→ **Work request**: Skip the pictures and give back the rest of the listing exactly.

→ **Stored data**:
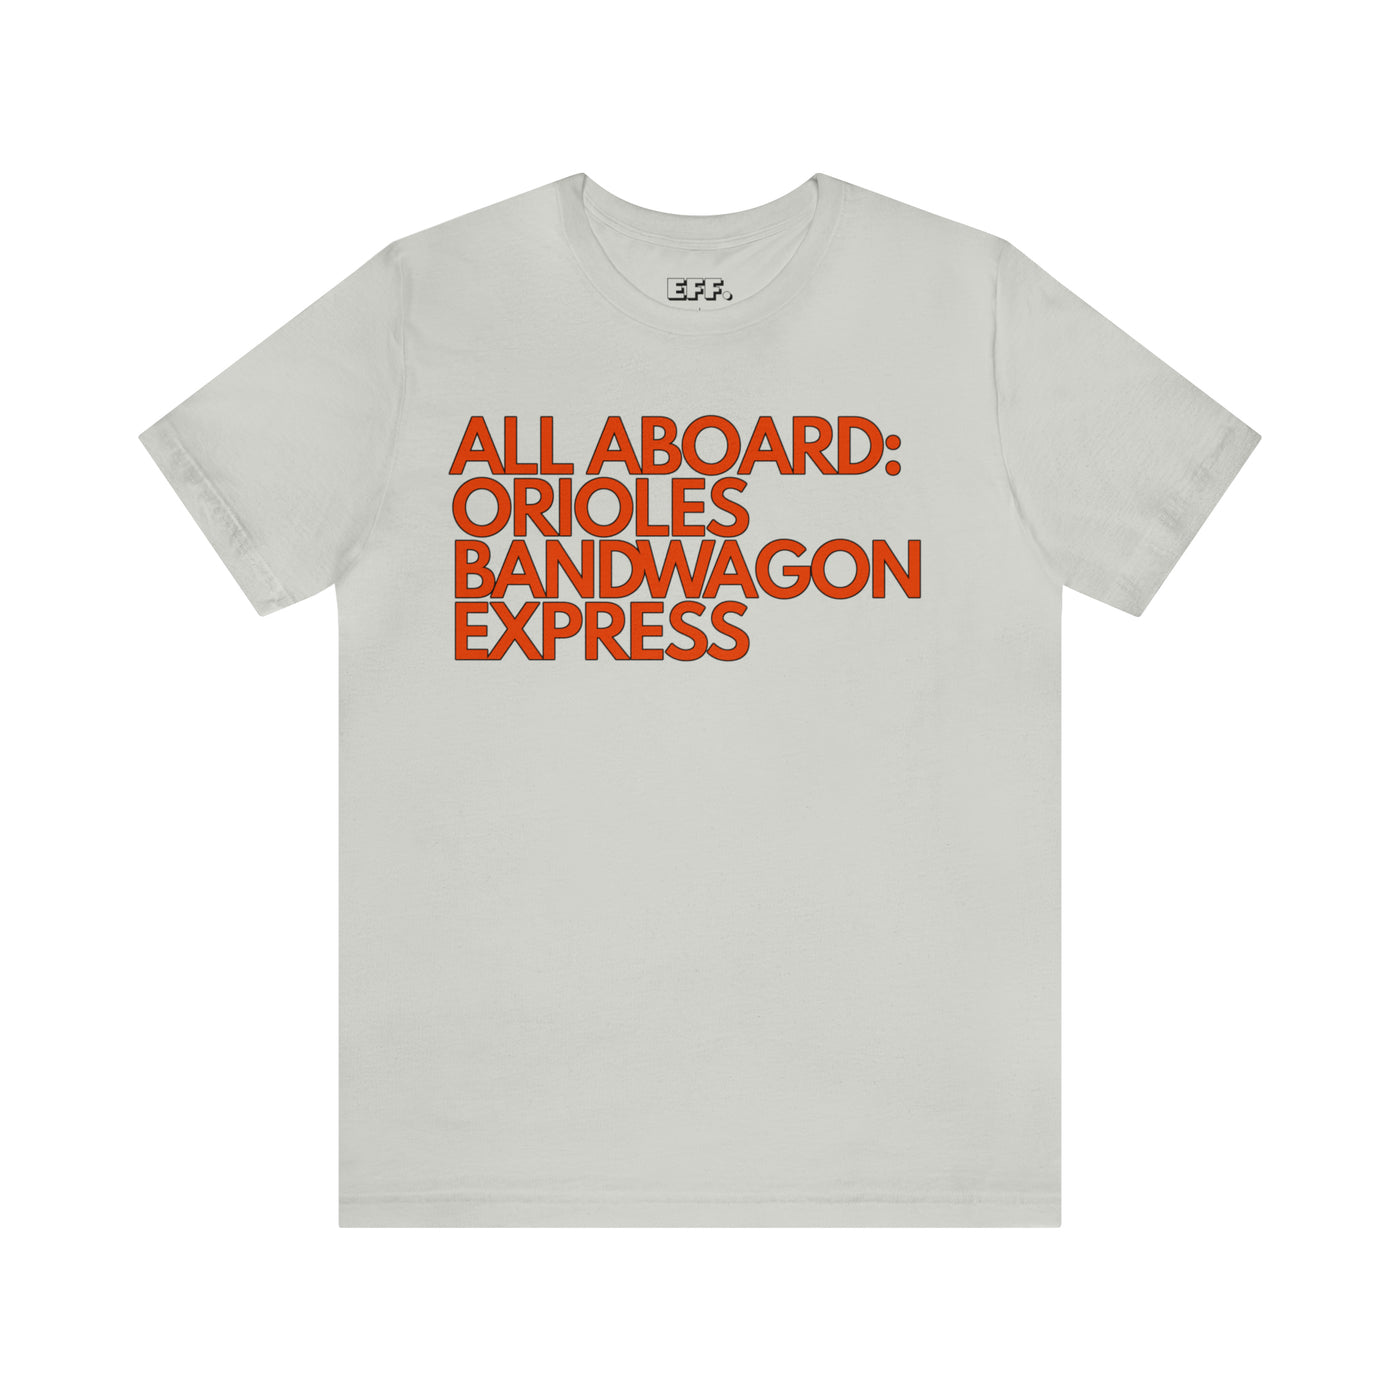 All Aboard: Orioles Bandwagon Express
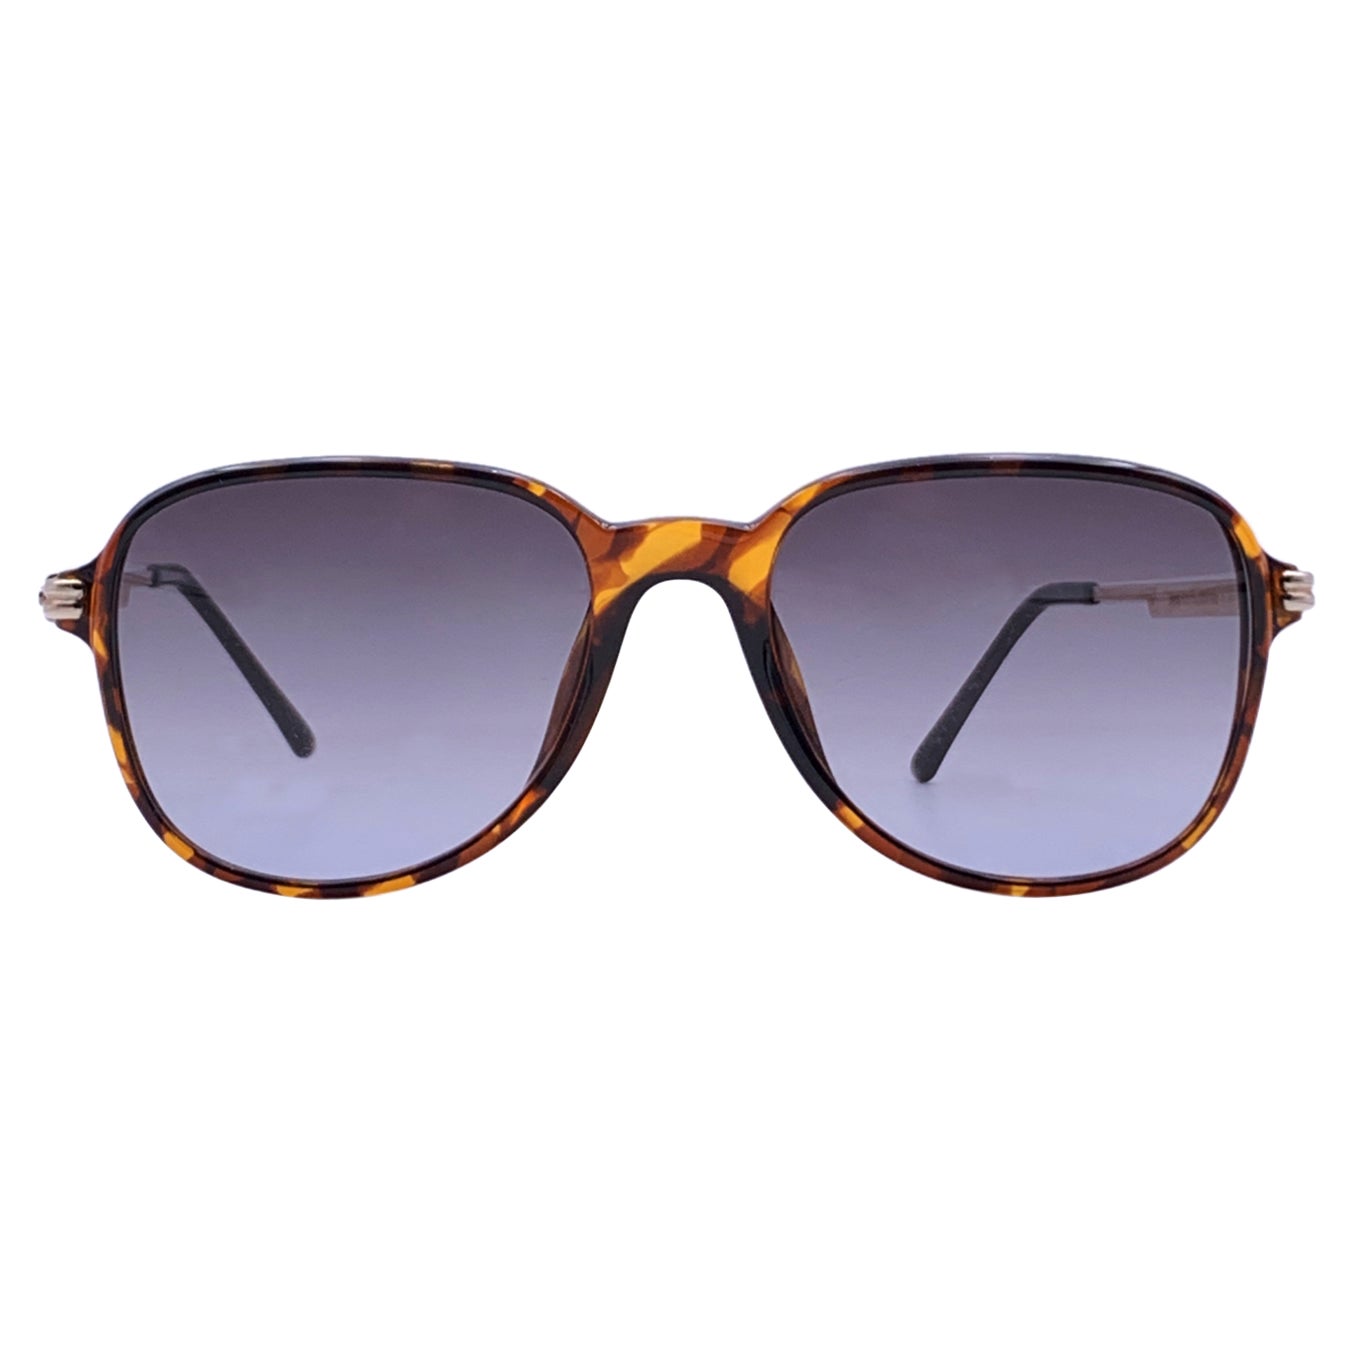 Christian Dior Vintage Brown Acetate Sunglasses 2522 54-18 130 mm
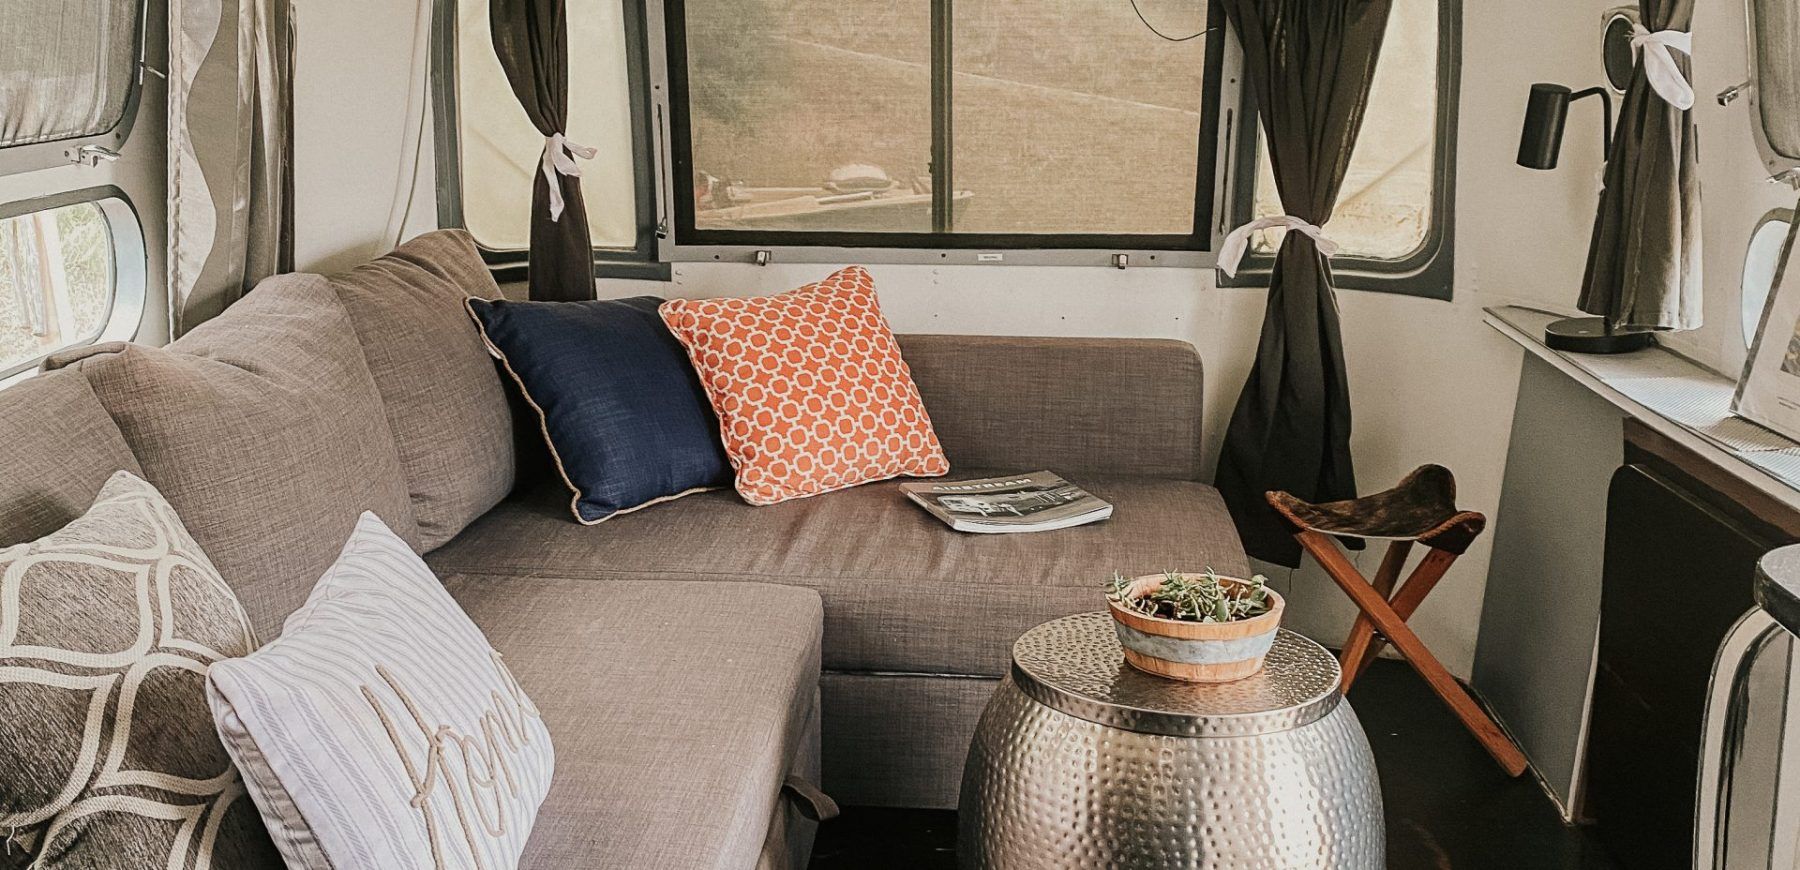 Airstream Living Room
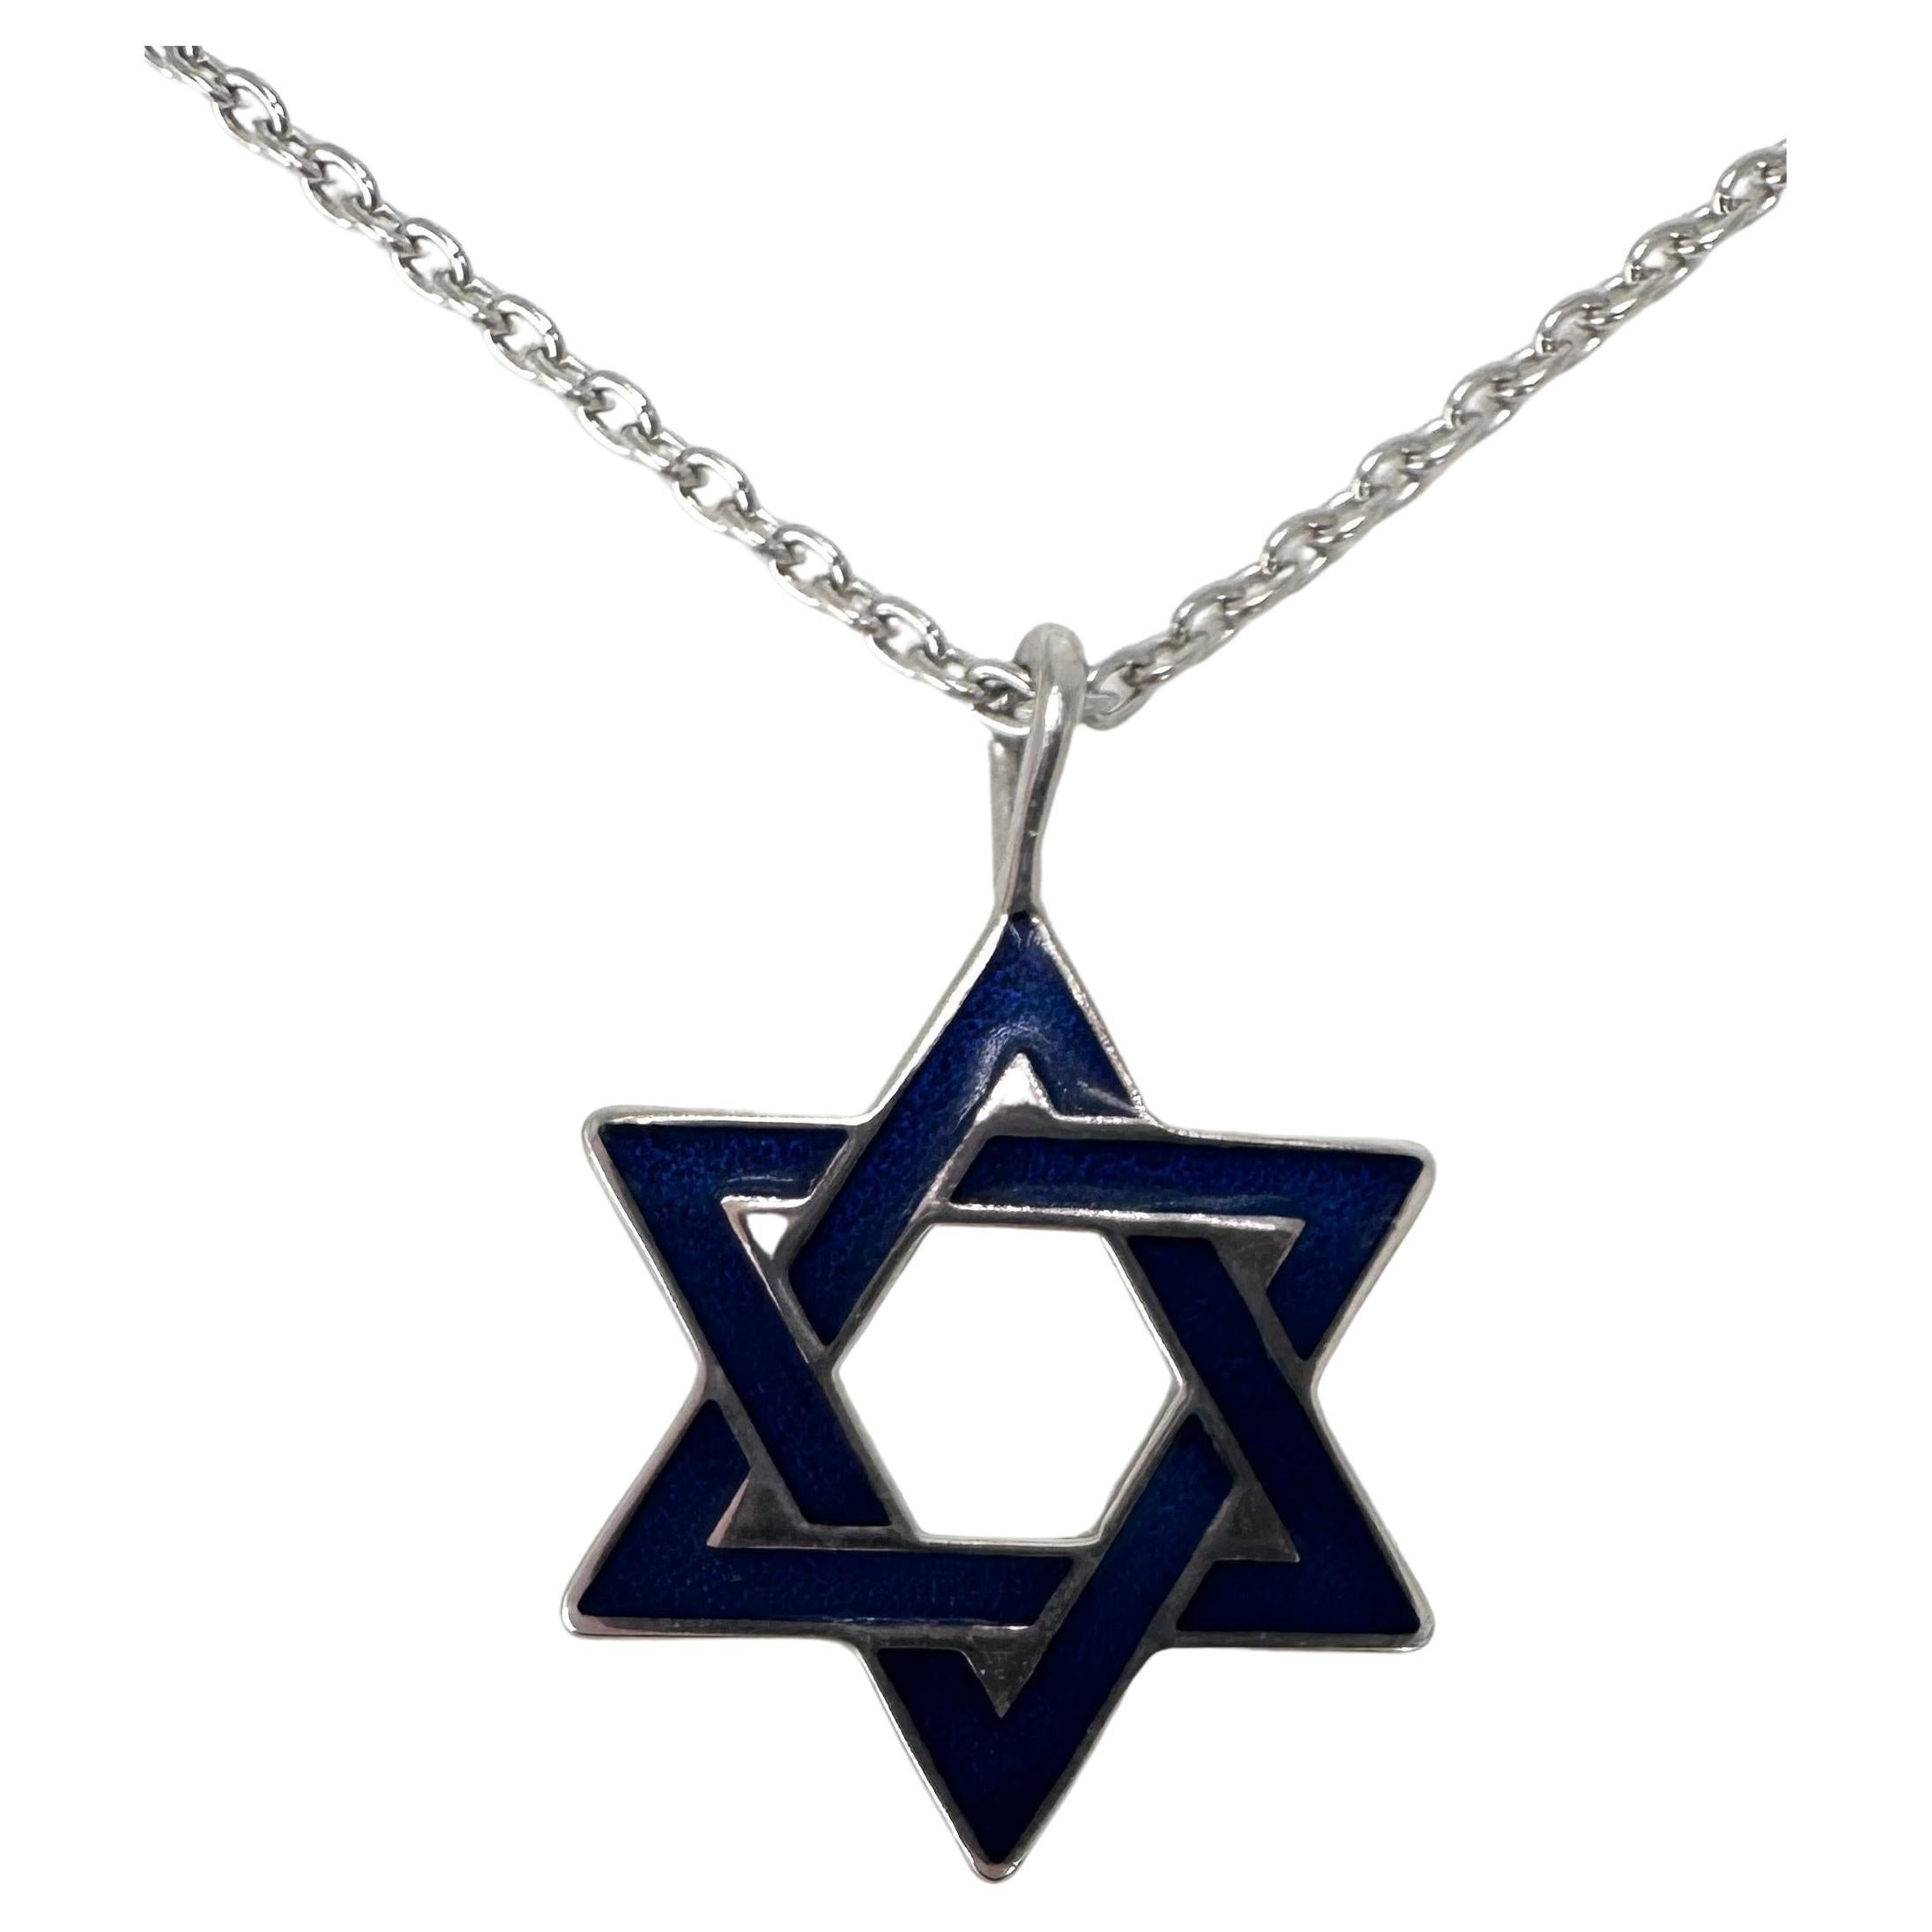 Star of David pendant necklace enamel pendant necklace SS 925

→ **Result of the exercise**:
 All Aboard: Orioles Bandwagon Express
 Christian Dior Vintage Brown Acetate Sunglasses 2522 54-18 130 mm
 Airstream Living Room
 Star of David pendant necklace enamel pendant necklace SS 925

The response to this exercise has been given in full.